Aero-1-Audio is a lightweight audio model developed by LMMs-Lab, built upon Qwen-2.5-1.5B with only 150 million parameters. It is specifically designed for long-form audio processing, supporting continuous audio input of up to 15 minutes without segmentation, while maintaining contextual coherence. Aero-1-Audio demonstrates excellent performance in Automatic Speech Recognition (ASR) tasks, offering high accuracy and strong capabilities in complex audio analysis and instruction-driven tasks.

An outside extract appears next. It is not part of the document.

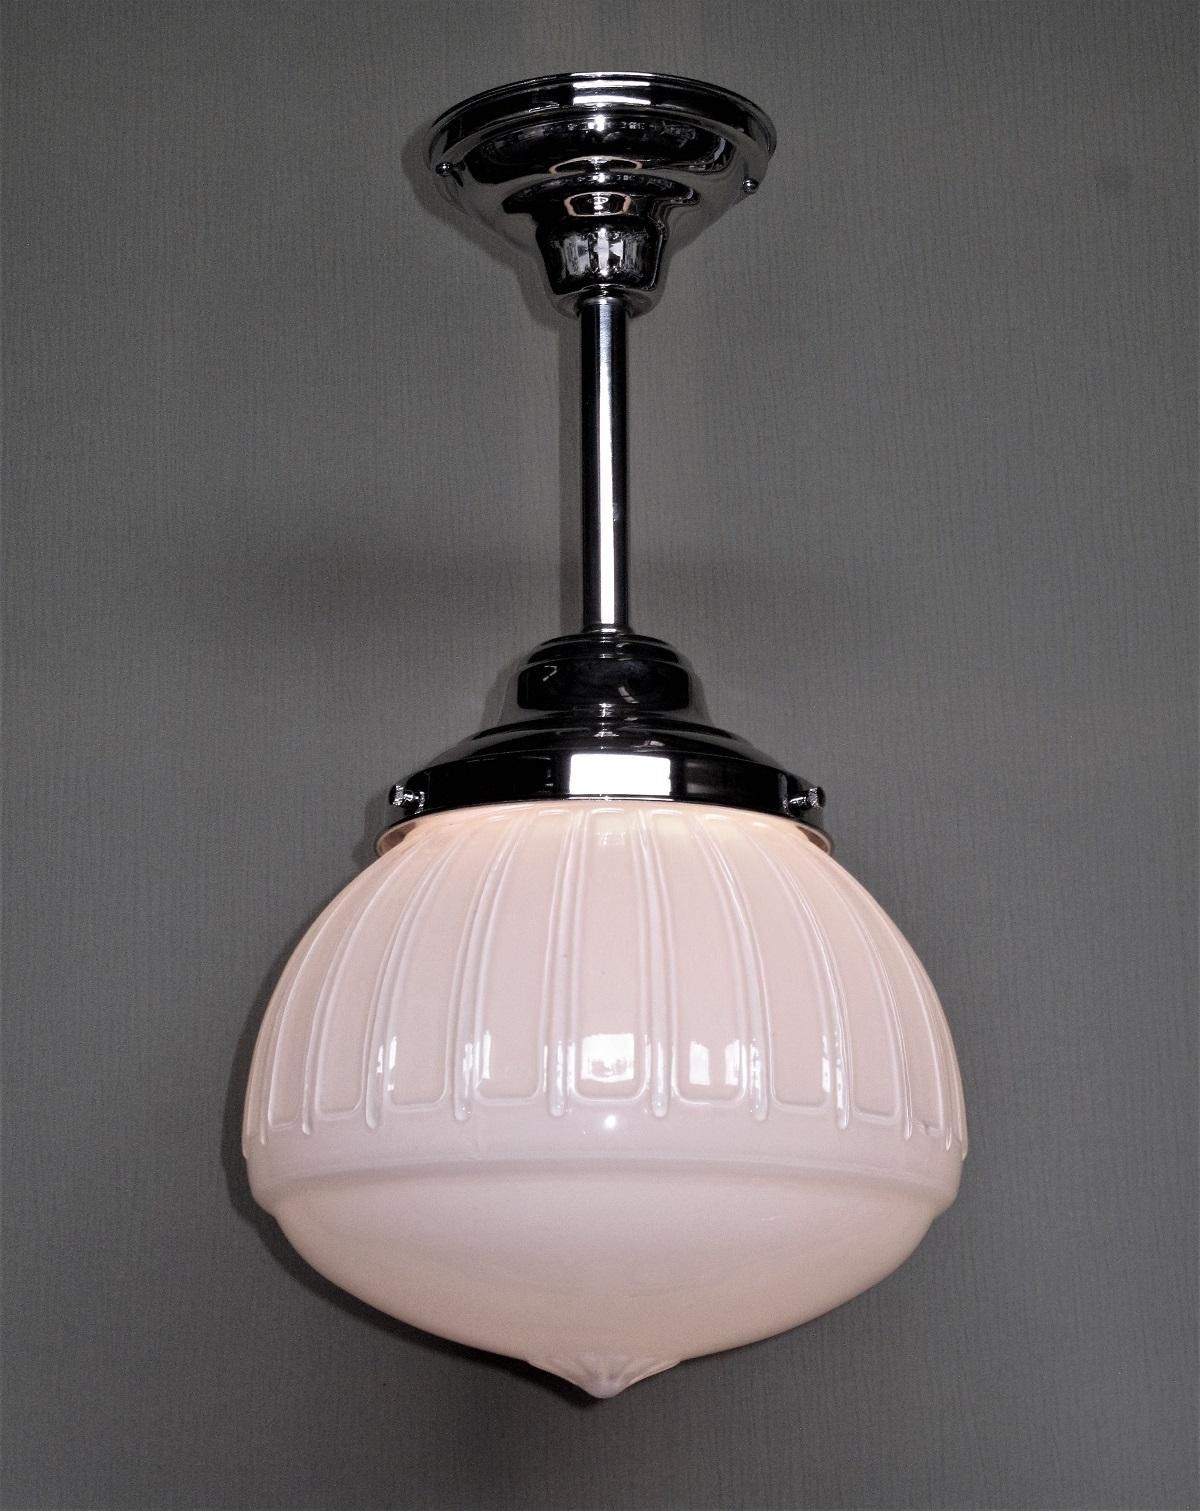 Very pleasing design.
Early commercial globe shown on new polished Nickel fitters. The globes have a modified Acorn design, including the crown of the acorn showing through the husk. A classic design for today's modern kitchen or master bath, or a

Key Features of Aero-1-Audio
-
Long Audio Processing: Capable of processing continuous audio up to 15 minutes without segmentation, preserving contextual coherence. Ideal for handling lengthy spoken content.
-
Automatic Speech Recognition (ASR): Excels in converting speech to text with high accuracy. Suitable for real-time transcription, meeting minutes, and lecture recordings.
-
Complex Audio Analysis: Supports analysis of various audio types including speech, sound effects, and music. It understands semantics and emotions in audio, making it useful for classification and analytical tasks.
-
Instruction-Driven Tasks: Capable of performing audio processing based on specific instructions, such as extracting targeted information or executing defined actions. This is particularly applicable to intelligent voice assistants.
Technical Principles of Aero-1-Audio
-
Lightweight Design & High Performance: With only 150 million parameters, Aero-1-Audio maintains a small model size but achieves outstanding performance across multiple audio benchmarks, outperforming larger models like Whisper and Qwen-2-Audio.
-
Efficient Training Method: Trained on a relatively small dataset of approximately 5 billion tokens (equivalent to 50,000 hours of audio), Aero-1-Audio uses high-quality filtered data and optimized training strategies. It can be trained in a single day using just 16 H100 GPUs.
-
Dynamic Batching & Sequence Packing: Implements token-length-based dynamic batching to group samples within predefined token length thresholds, significantly improving computational resource efficiency. Using sequence packing and Liger kernel fusion, the model’s FLOP utilization improved from 0.03 to 0.34, enhancing training efficiency.
-
Multitask Capabilities: Aero-1-Audio excels not only in ASR but also in audio analysis and understanding, instruction-following, and audio scene comprehension. It achieves the lowest Word Error Rates (WER) on datasets like AMI, LibriSpeech, and SPGISpeech.
Project Repository
-
HuggingFace Model Hub: https://huggingface.co/lmms-lab/Aero-1-Audio
Application Scenarios of Aero-1-Audio
-
Voice Assistants: Enables intelligent assistants with efficient speech recognition and understanding capabilities.
-
Real-time Transcription: Rapidly transcribes speech content to text, suitable for meetings, lectures, and more.
-
Archival Understanding: Adds semantic tags to audio archives, enabling semantic search.
-
Auditory Module: Equips AI agents with long speech understanding capabilities, supporting multi-turn dialogues.